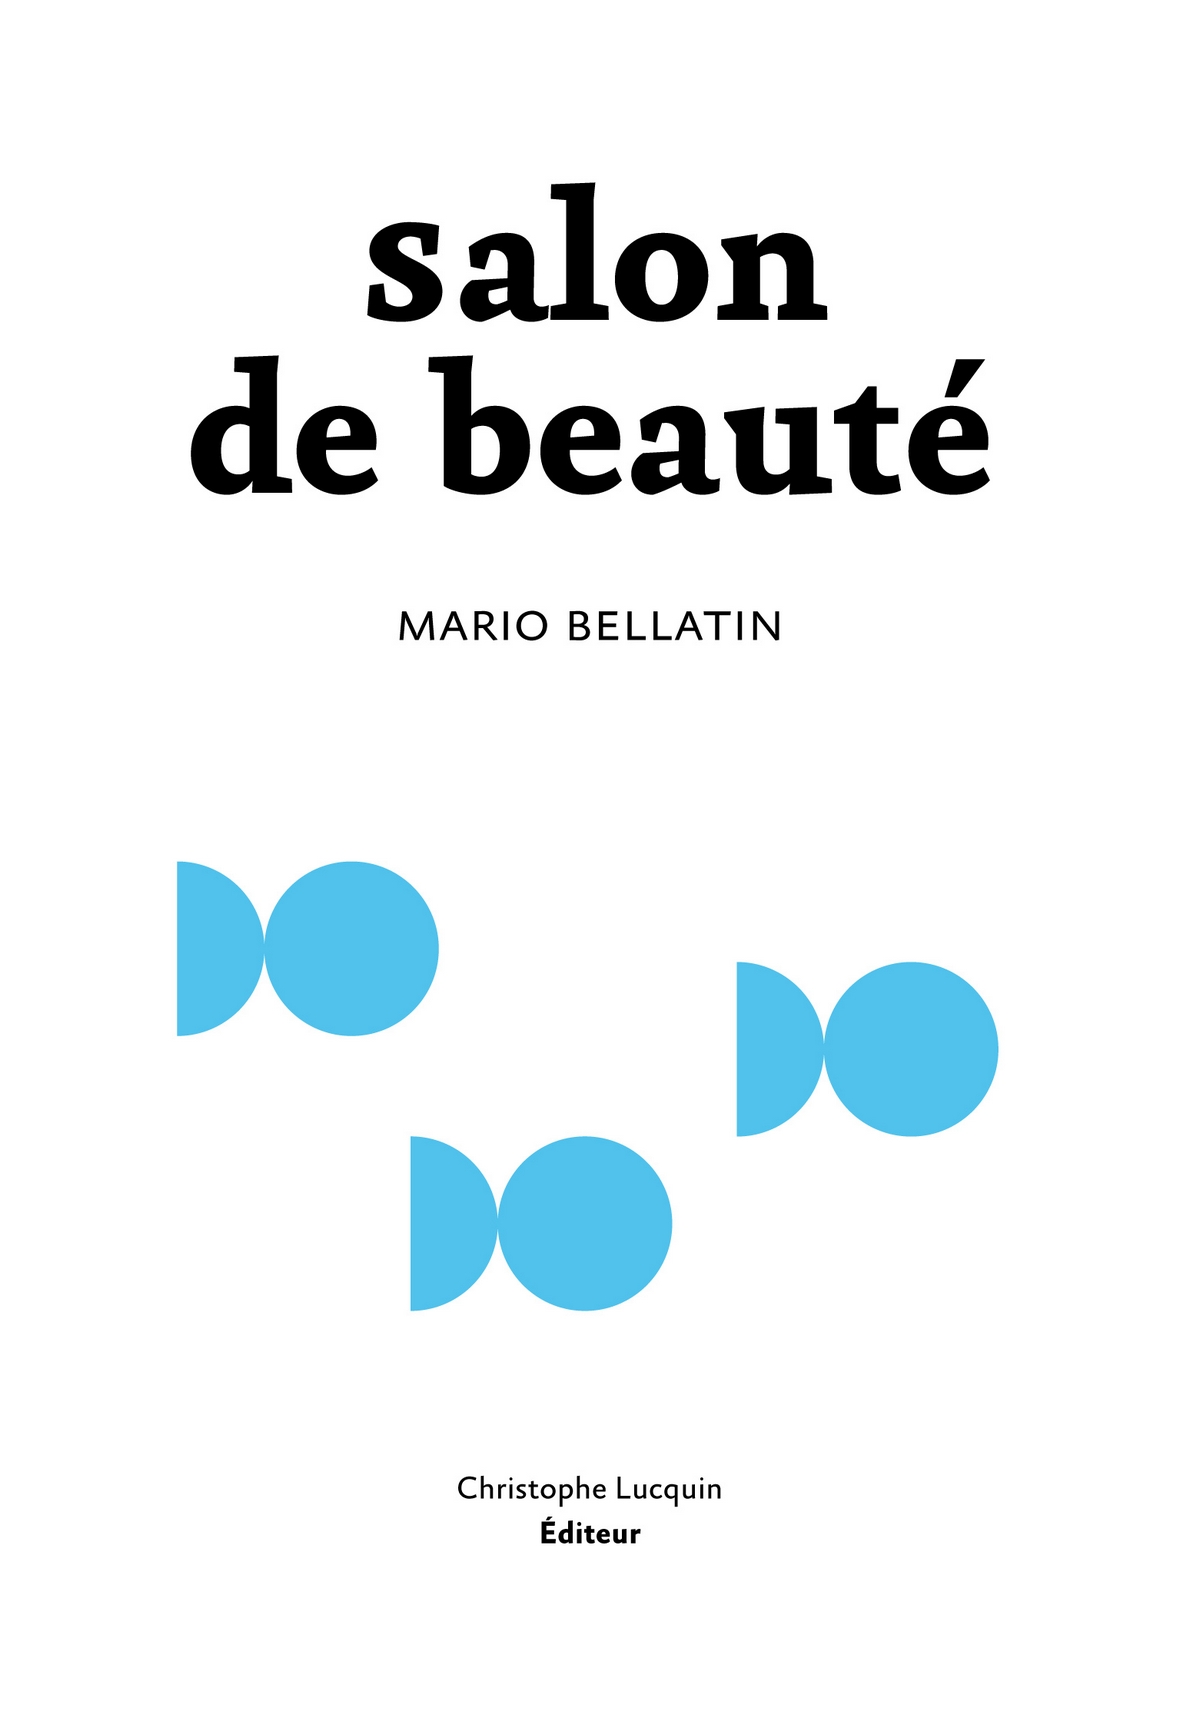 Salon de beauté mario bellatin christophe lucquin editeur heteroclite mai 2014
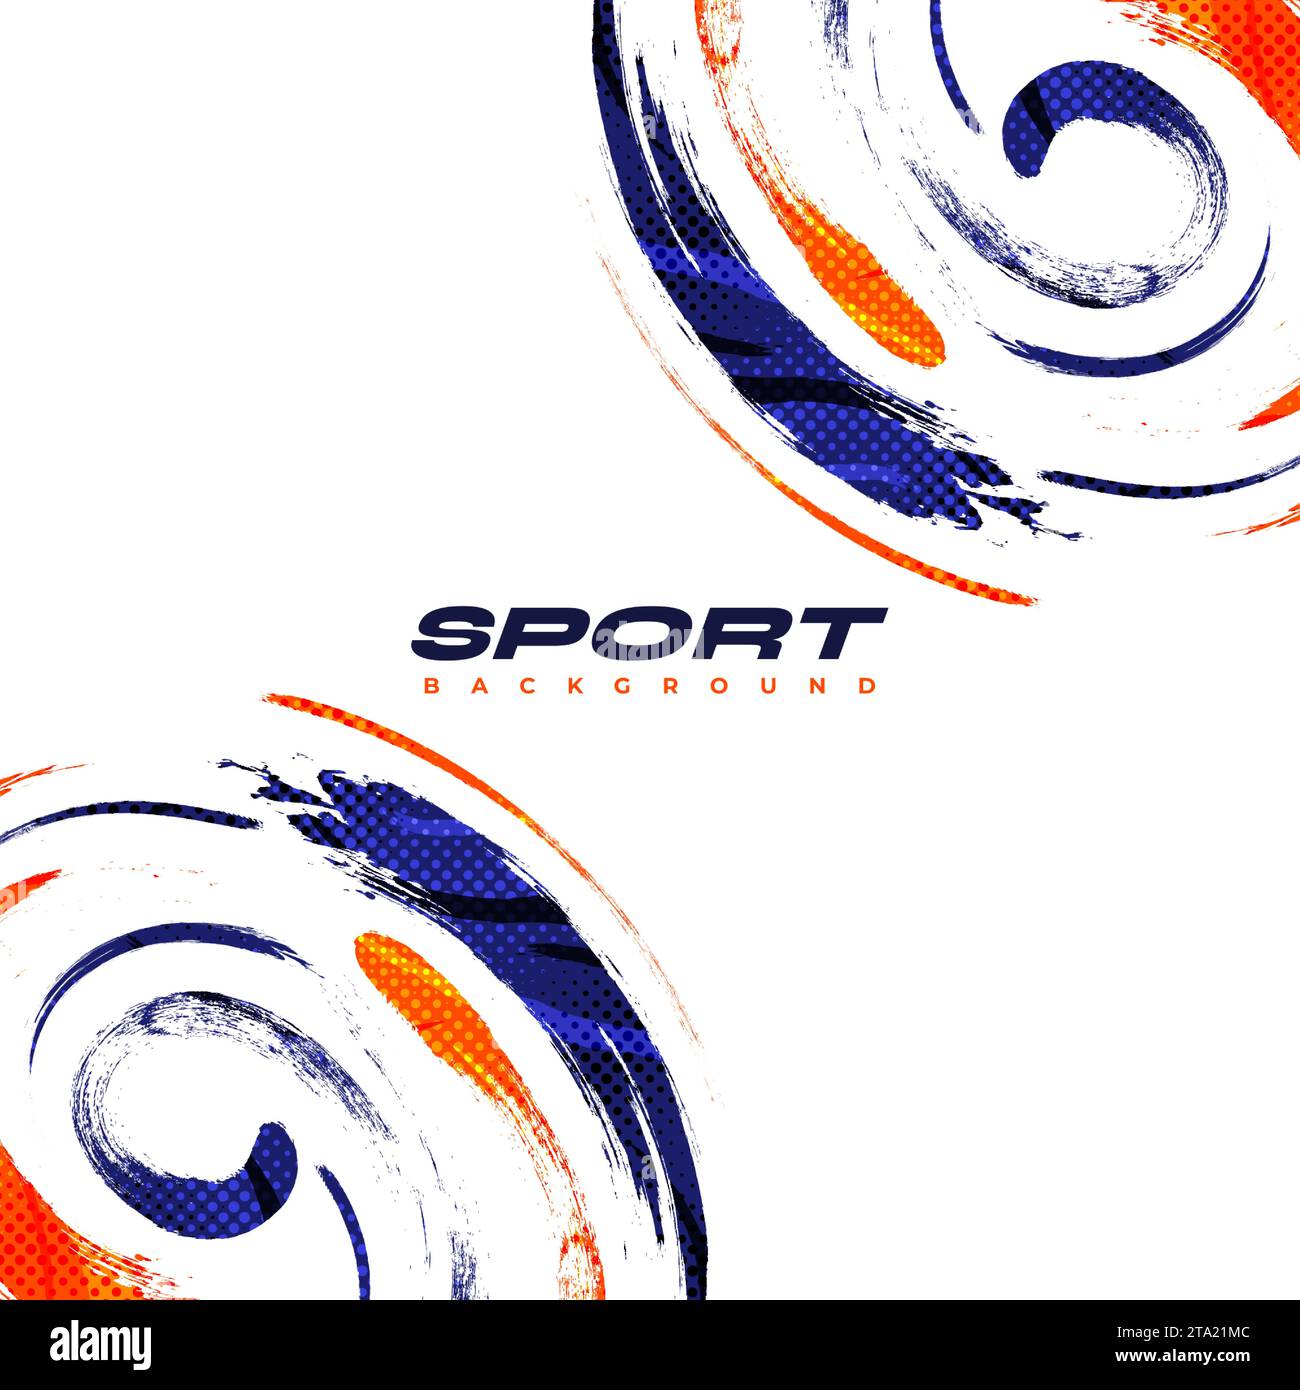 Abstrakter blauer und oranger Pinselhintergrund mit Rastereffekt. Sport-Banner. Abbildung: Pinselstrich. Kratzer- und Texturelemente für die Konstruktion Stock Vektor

■ ■ ■ ■ ■

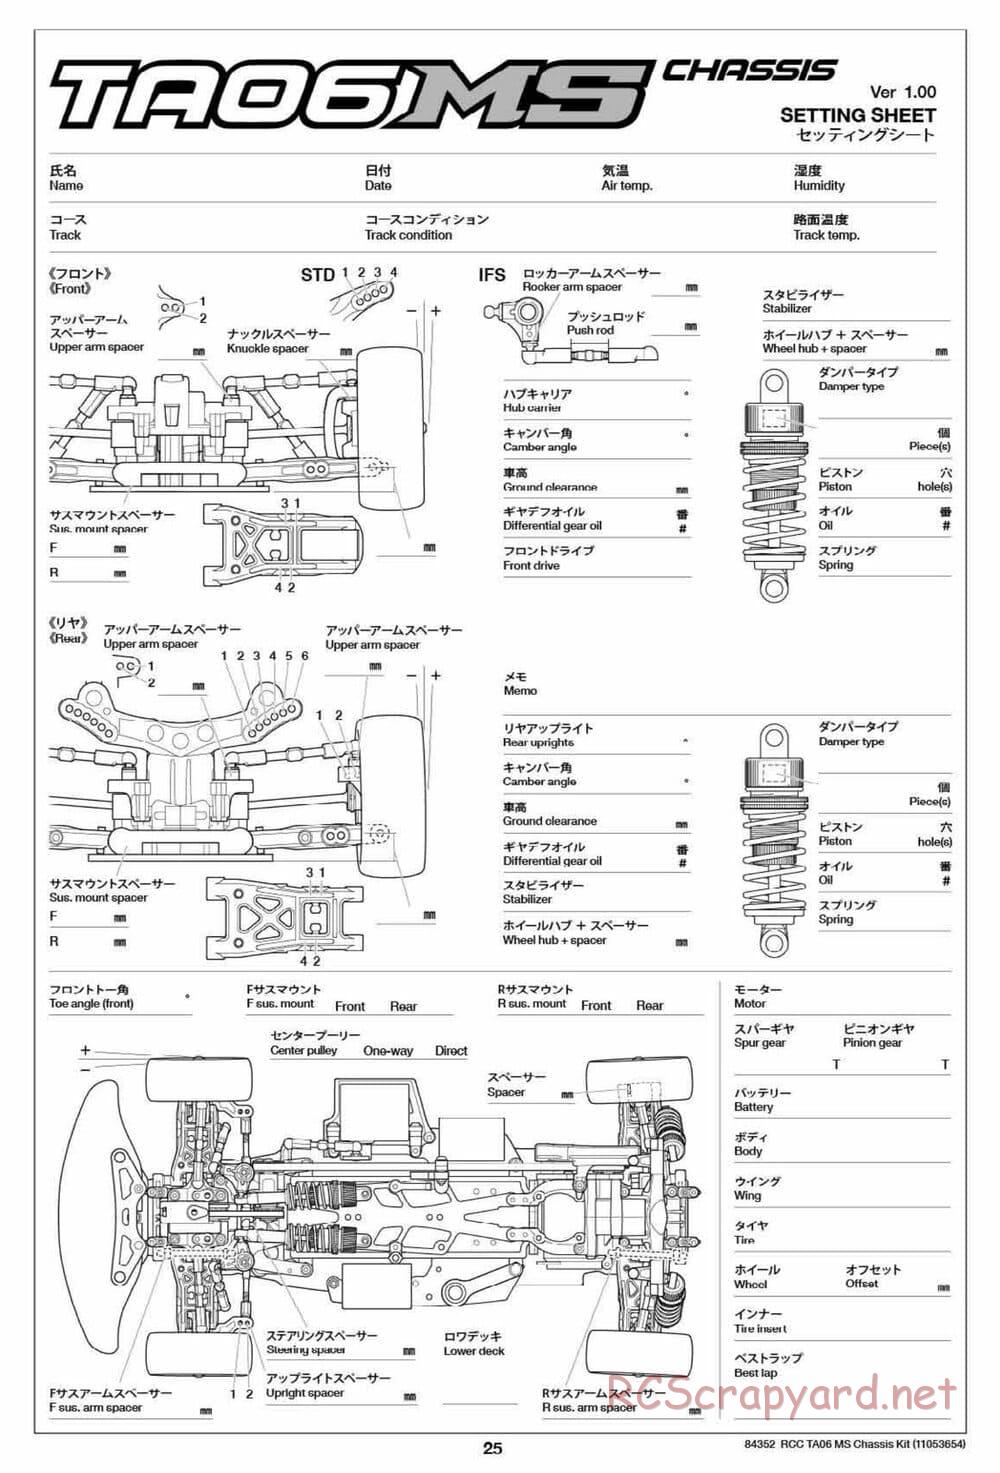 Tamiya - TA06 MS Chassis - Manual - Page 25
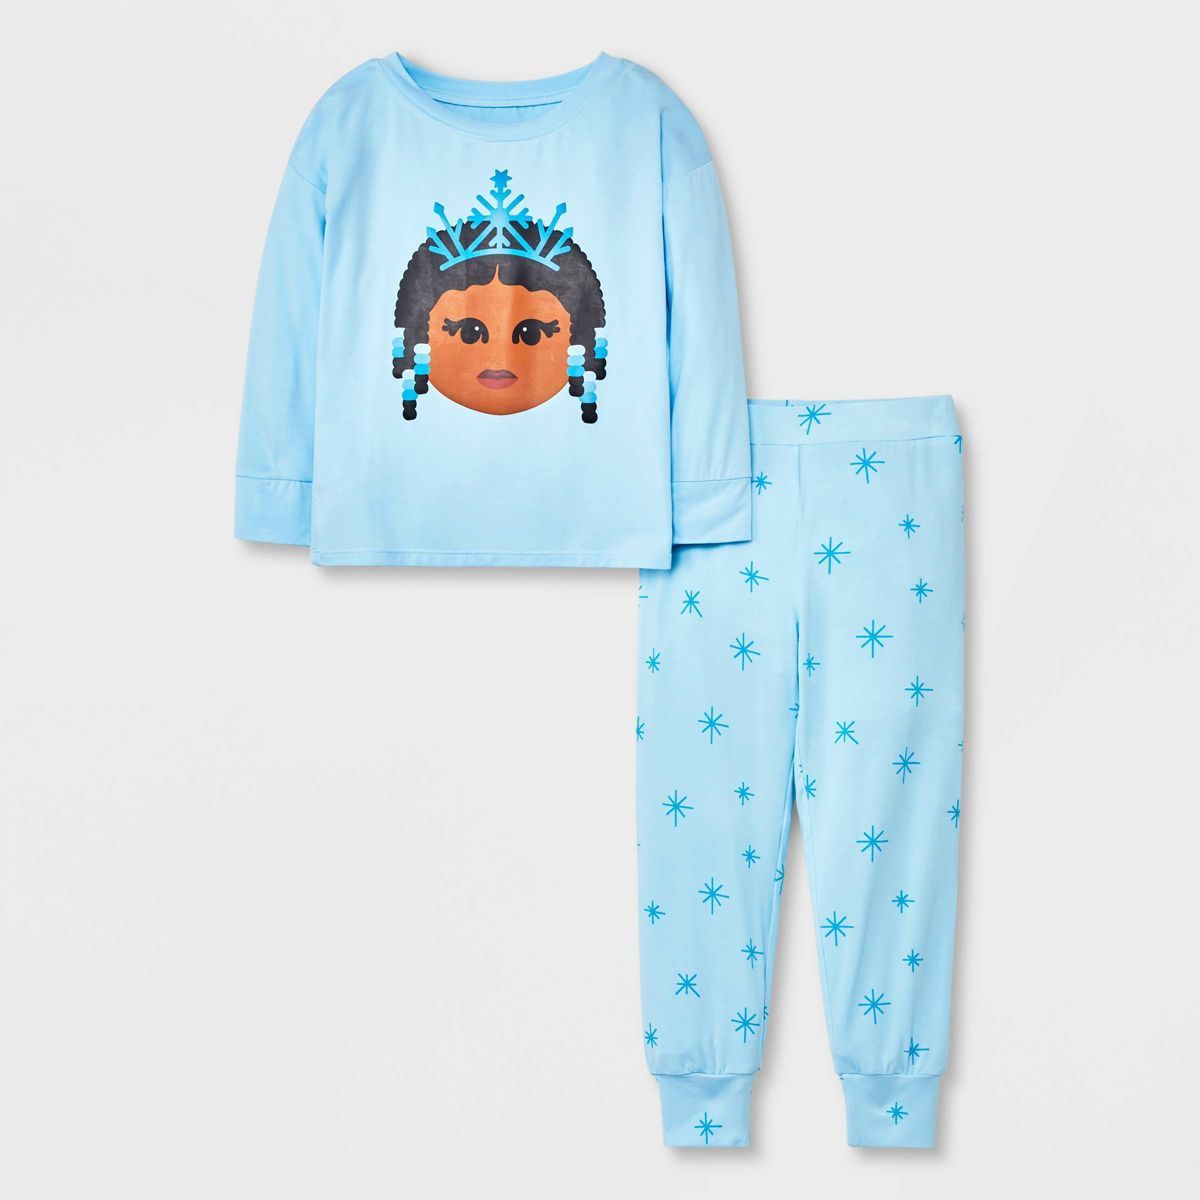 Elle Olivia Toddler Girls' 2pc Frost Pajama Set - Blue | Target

■ ■ ■ ■ ■

■ **WHAT IS REQUIRED**
Return, exactly as they stand, the lines above from the one with "Salon de beauté" to the one with "Abstrakter blauer und", omitting any pictures among them.

■ **RESULT BELOW**
 Salon de beauté mario bellatin christophe lucquin editeur heteroclite mai 2014
 Abstrakter blauer und oranger Pinselhintergrund mit Rastereffekt. Sport-Banner. Abbildung: Pinselstrich. Kratzer- und Texturelemente für die Konstruktion Stock Vektor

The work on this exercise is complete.